El orgasmo tiene, tanto como palabra como acción, una
sensación mágica. Lo sabemos porque lo vivimos y lo decimos sabiendo que
trasmitimos una experiencia personal que, aunque equiparable, fisiológicamente,
a tantas otras experiencias, es fruto de una vivencia tan subjetiva como la que más.
El orgasmo es, sin dudas, una elegía de la vida. Como muchas
otras, pero que tiene la particularidad de ser inequívocamente positiva para el
ser. El orgasmo es la manifestación personal de un momento de intimidad que
surge por una excitación adecuada y que se expresa como lo sentimos o podemos.

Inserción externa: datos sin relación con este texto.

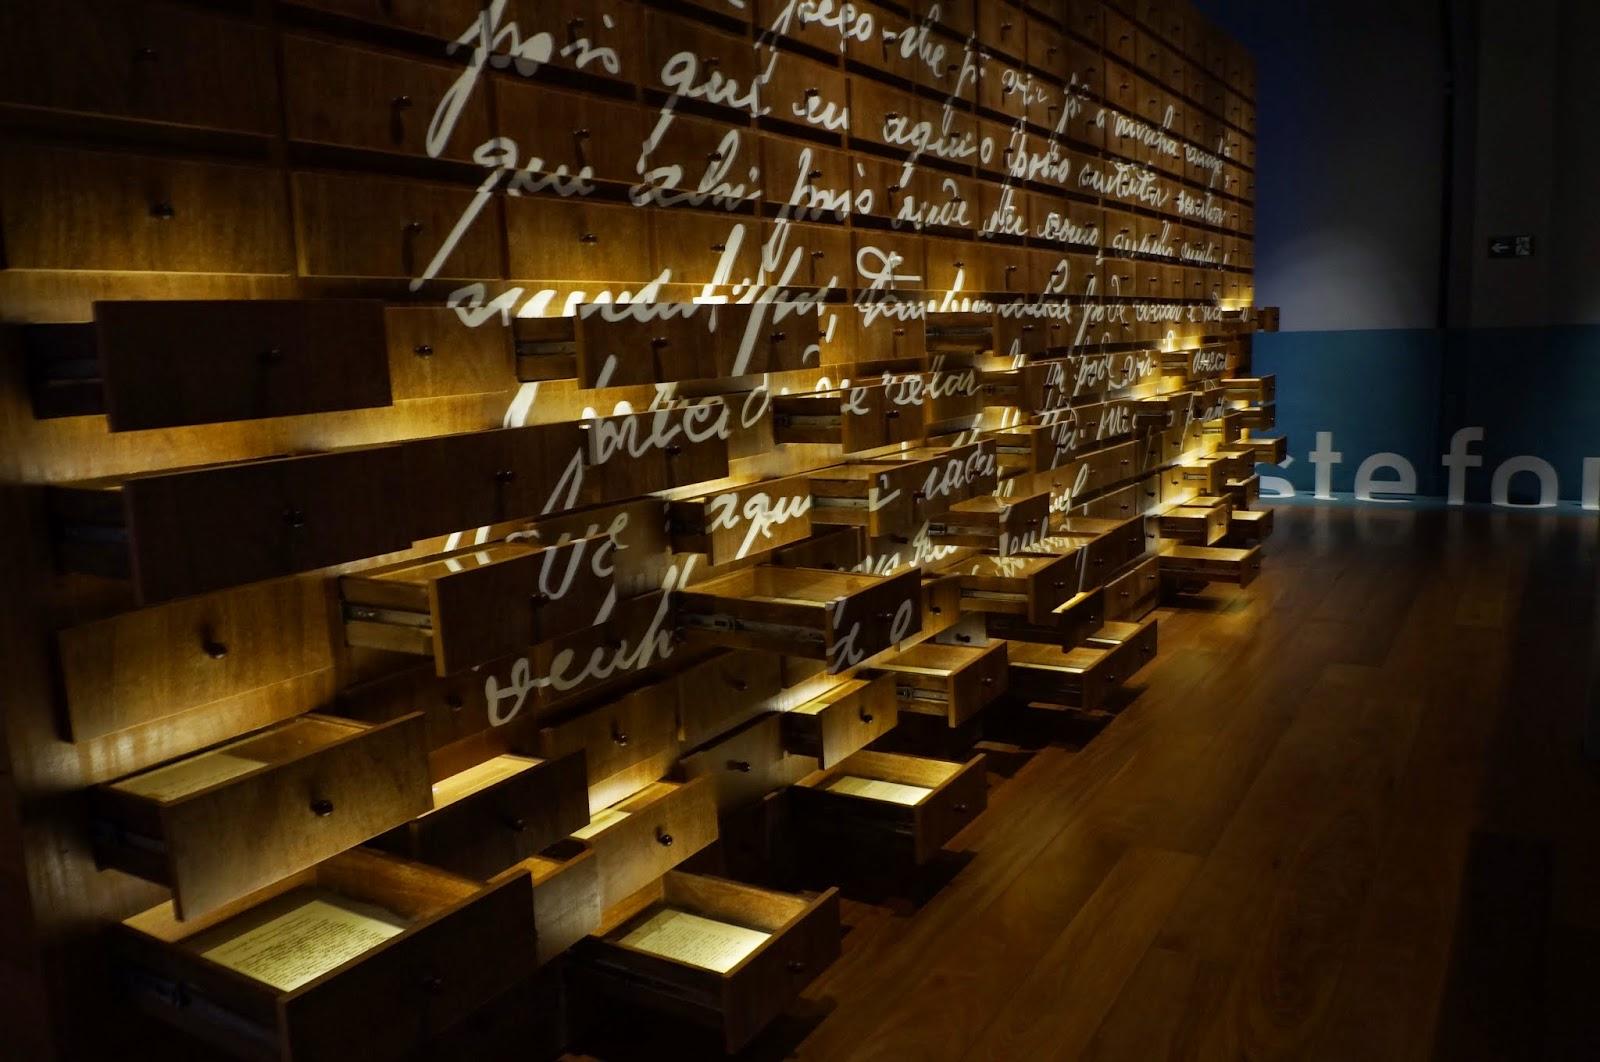 Museu da Imigração - SP: Um paredão de gavetas nas quais é possível observar documentos e ler cartas antigas dos imigrantes

Ahora bien, es importante señalar, una evidencia y una obviedad, que, en
ocasiones, pasa desapercibida y hasta ignorada: El orgasmo es de uno.
La
capacidad de tener un orgasmo es de uno. El otro, con su disponibilidad, habilidad,
(¿técnica?), capacidad de escuchar lo que uno precisa y otras cualidades; todo
eso puede generar, en el mejor de los casos, las condiciones óptimas para que
el orgasmo se muestre, se genere, se exhiba. Pero aun en esta situación, sigue
siendo de uno mismo. Es la persona que “orgasmea” la que lo ofrece, lo deja
salir, lo muestra. Por eso el orgasmo, por más que precise algunas condiciones fisiológicas
básicas –estudiables, diagnosticables y hasta tratables- siempre es una experiencia que nace del consentimiento, ese
núcleo central de la sexualidad saludable.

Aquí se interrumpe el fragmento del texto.